Buna karşılık, Cumhur İttifakı açısından seçim sonrasında ciddi bir değişiklik olmayacağı herkesin kolayca görebileceği bir durum. Söz konusu iddianın en önemli dayanağı, İttifak içindeki uzlaşının iktidar pratiğinde tecrübe edilmiş olması. Bu bakımdan, Cumhur İttifakı’nın güçlü bir referansı var. 2018’de Türk siyasetinde yeni hükümet sisteminin ilk dönemi Cumhurbaşkanı Erdoğan liderliğindeki AK Parti iktidarında ve MHP’nin desteğiyle başladı. Bu süreçte, her iki parti arasında ciddi bir anlaşmazlık yaşanmadı. Tam tersine en kritik dönemlerde, AK Parti ve MHP yönetimleri, iş birliklerinin devam edeceği mesajını verdiler. Önümüzdeki süreçte Türkiye’nin iç ve dış politikalarında önemli bir değişikliğin ortaya çıkması için bir sebep görünmüyor. Dolayısıyla Cumhur İttifakı’nın son beş yılda izlediği rotanın aynı şekilde süreceği öngörülebilir. Elbette hükümete MHP’nin önereceği bazı kişilerin bakan alınması gibi yollarla iş birliği çerçevesi derinleşebilir. Ancak her halükarda AK Parti ve MHP arasındaki İttifakın sahici bir iş birliği olduğu açık. Bu sahicilik, ittifakın hem kendi iç tutarlılığını hem de gelecekte devam etmesini sağlayacak köklerini güçlendiriyor.
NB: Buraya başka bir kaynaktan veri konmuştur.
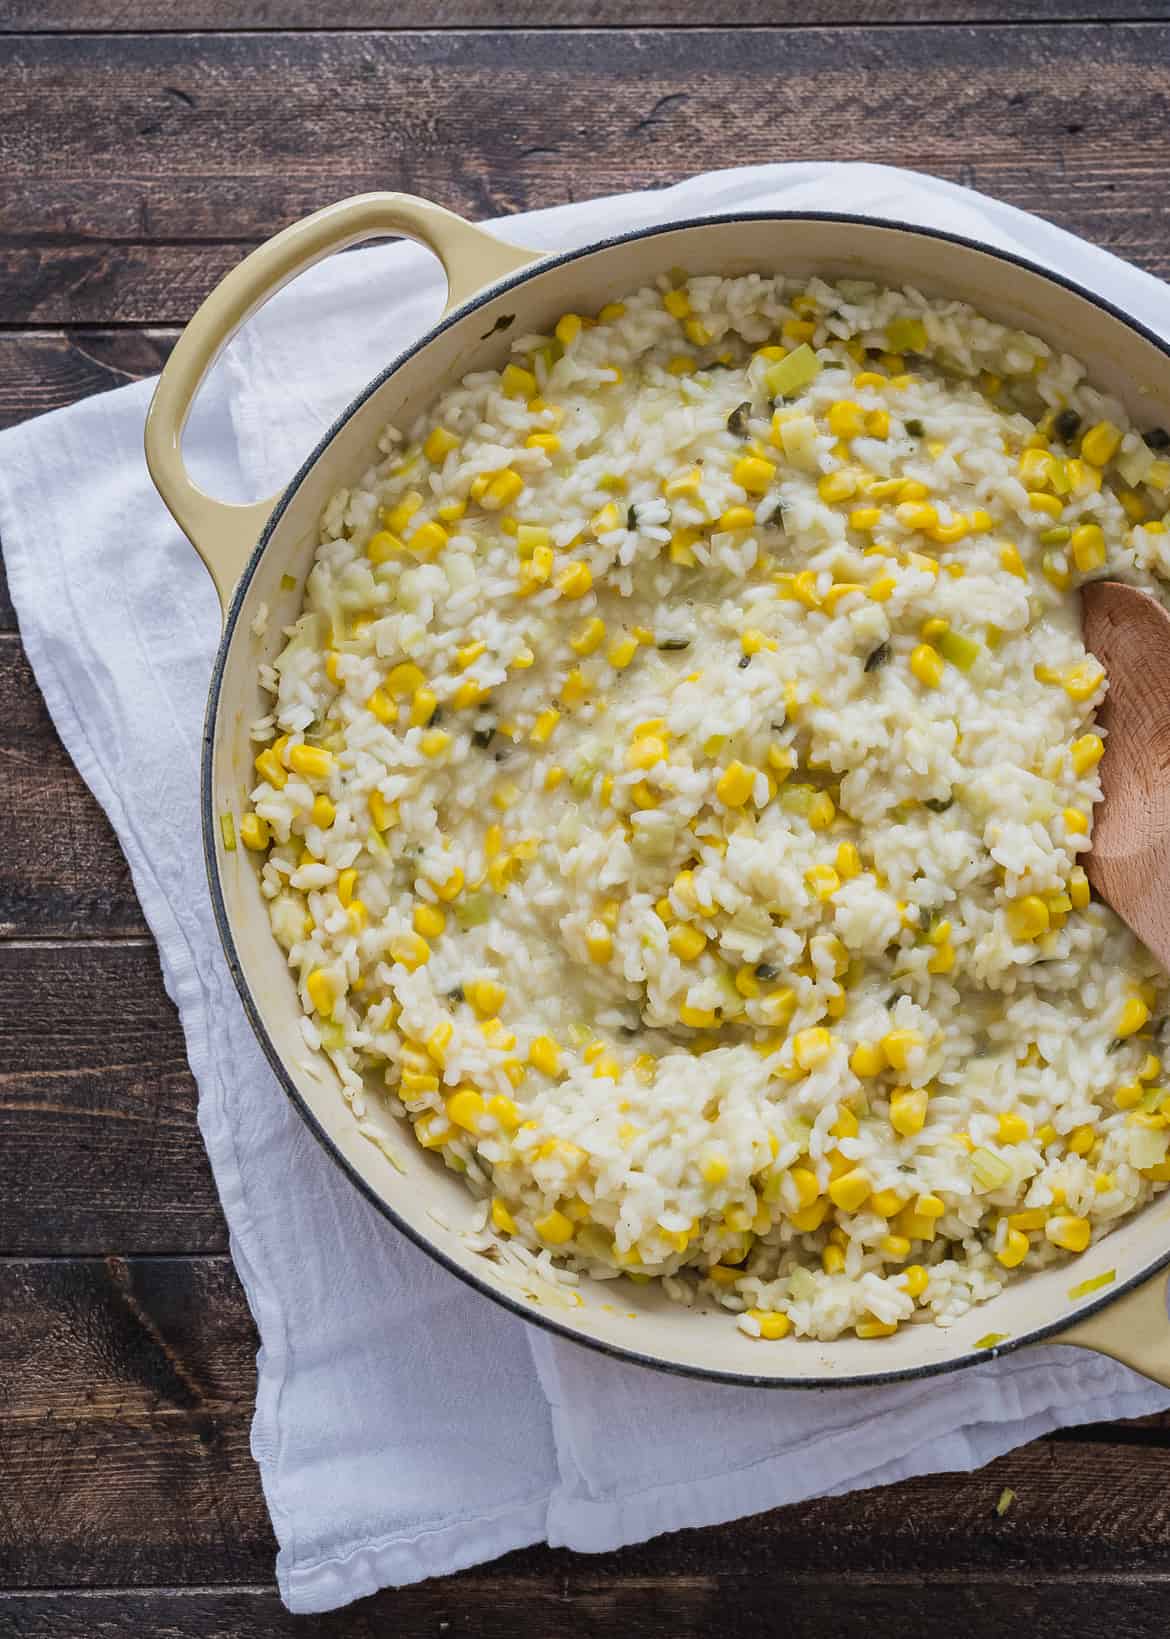 A Dutch oven filled with a creamy risotto.
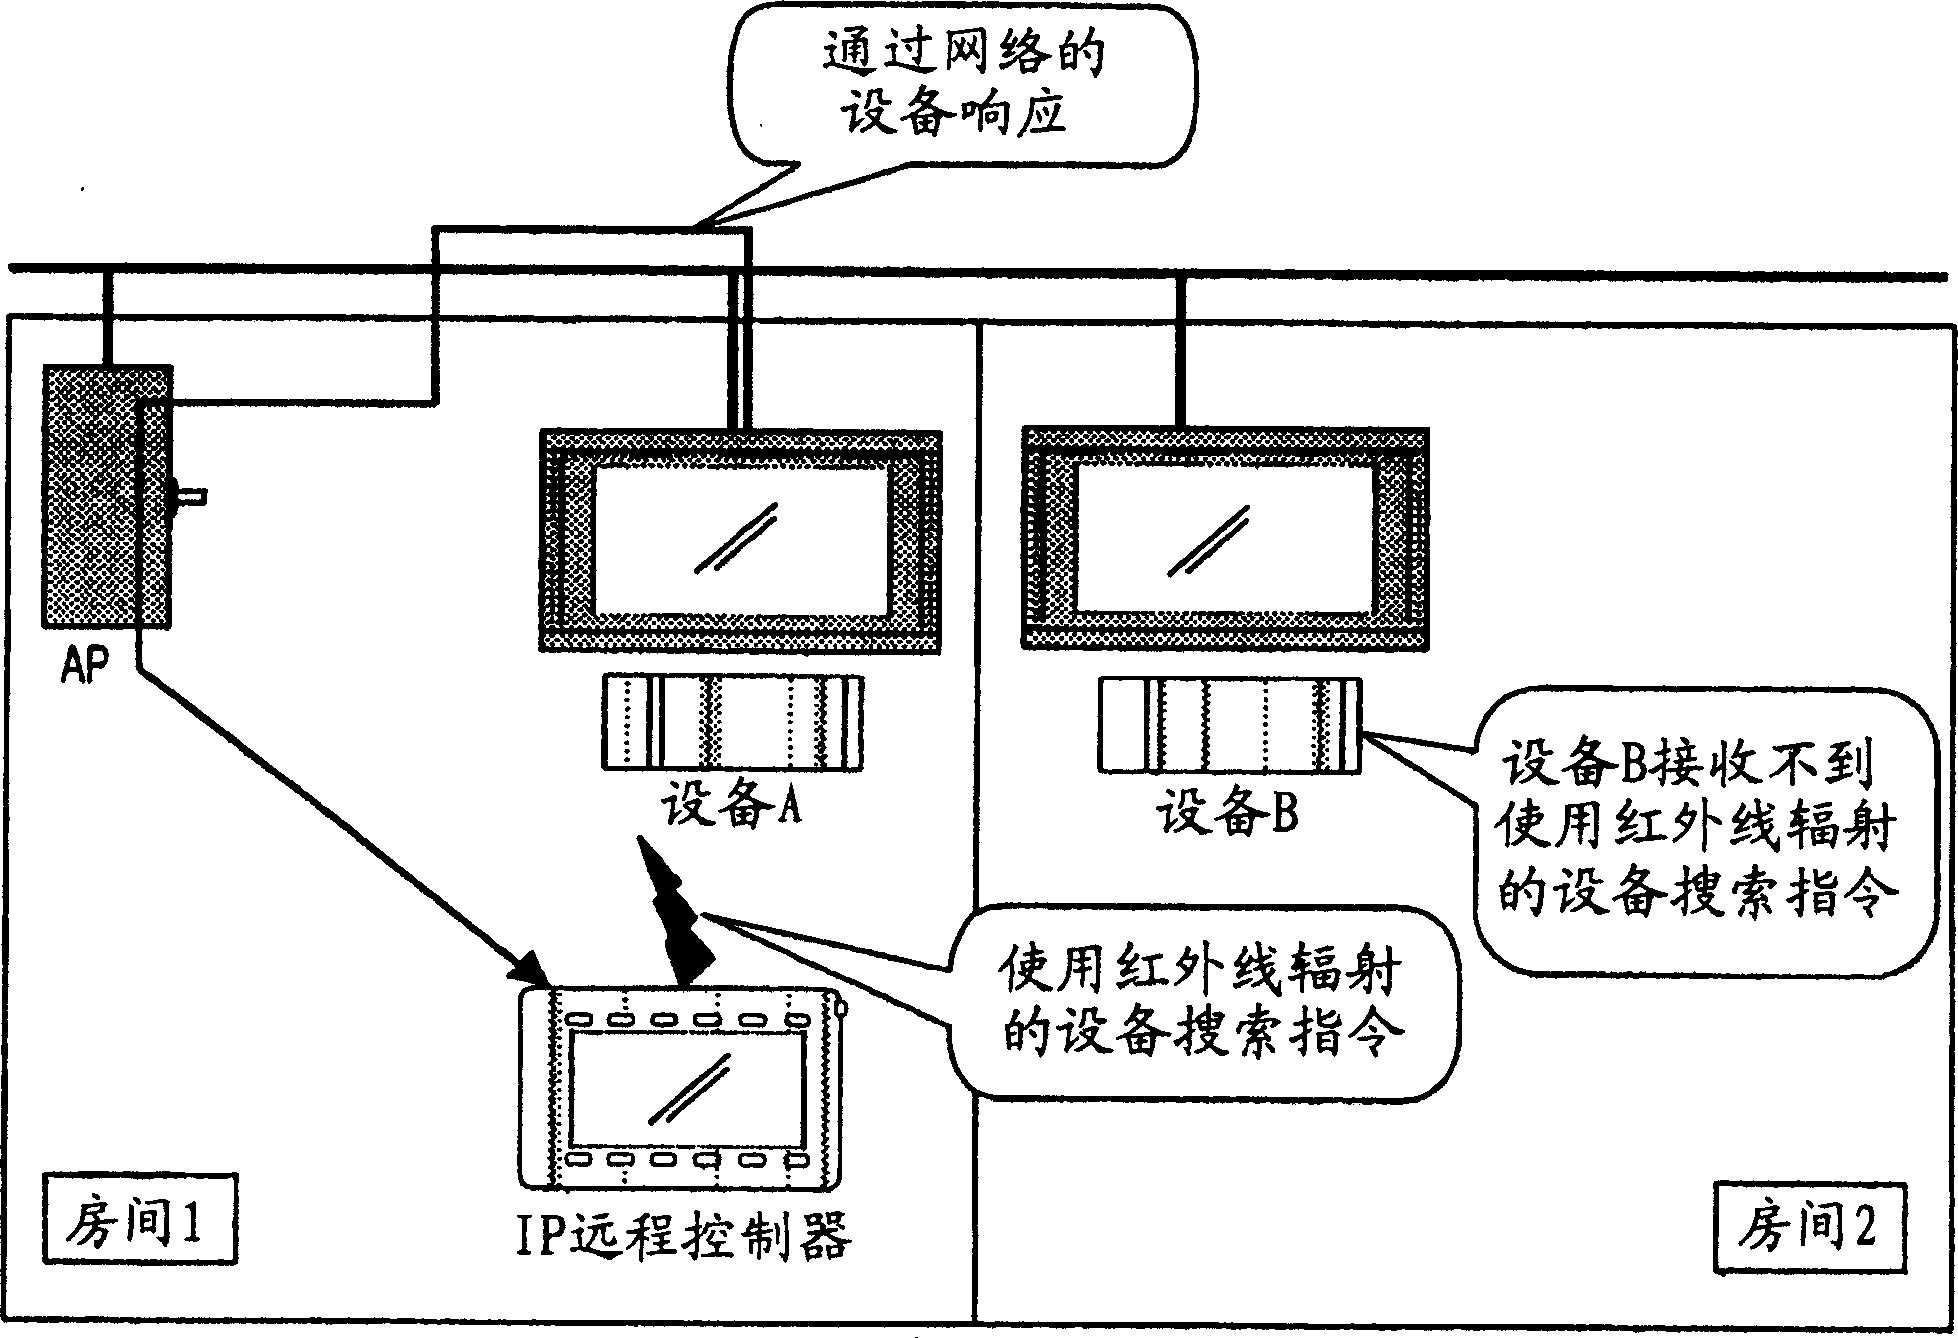 Remote control system, remote control method, remote controller and electronic device

Her iki ittifak arasındaki en bariz farkın sahicilik olduğu söylenebilir. Cumhur İttifakı, en baştan itibaren ülkenin geleceğine yönelik ortak bir vizyon geliştirme peşinde. Millet İttifakı ise Cumhurbaşkanı Erdoğan karşıtlığı ekseninde oluşmuş geçici bir birliktelik görünümü sergiliyor. Bu karşıtlık mevzuu, İttifakın bazı küçük ortaklıklarının varlık gerekçelerinde ve tavırlarında açıkça görüldüğü üzere bazen kişisel bir mesele haline geliyor. İttifakın muhalefetinin merkezine Erdoğan karşıtlığının yerleşmesi, ülke sorunlarına yönelik tutarlı ve kapsamlı politika önerileri geliştirilmesini ikinci sıraya itiyor. Bu durum, Millet İttifakı açısından ciddi bir sahicilik sorunu ortaya çıkarıyor. Tamamen karşıtlık üzerinde kurulmuş bir İttifakın uzun süreli olacağını düşünmek fazlaca iyimserlik olacaktır.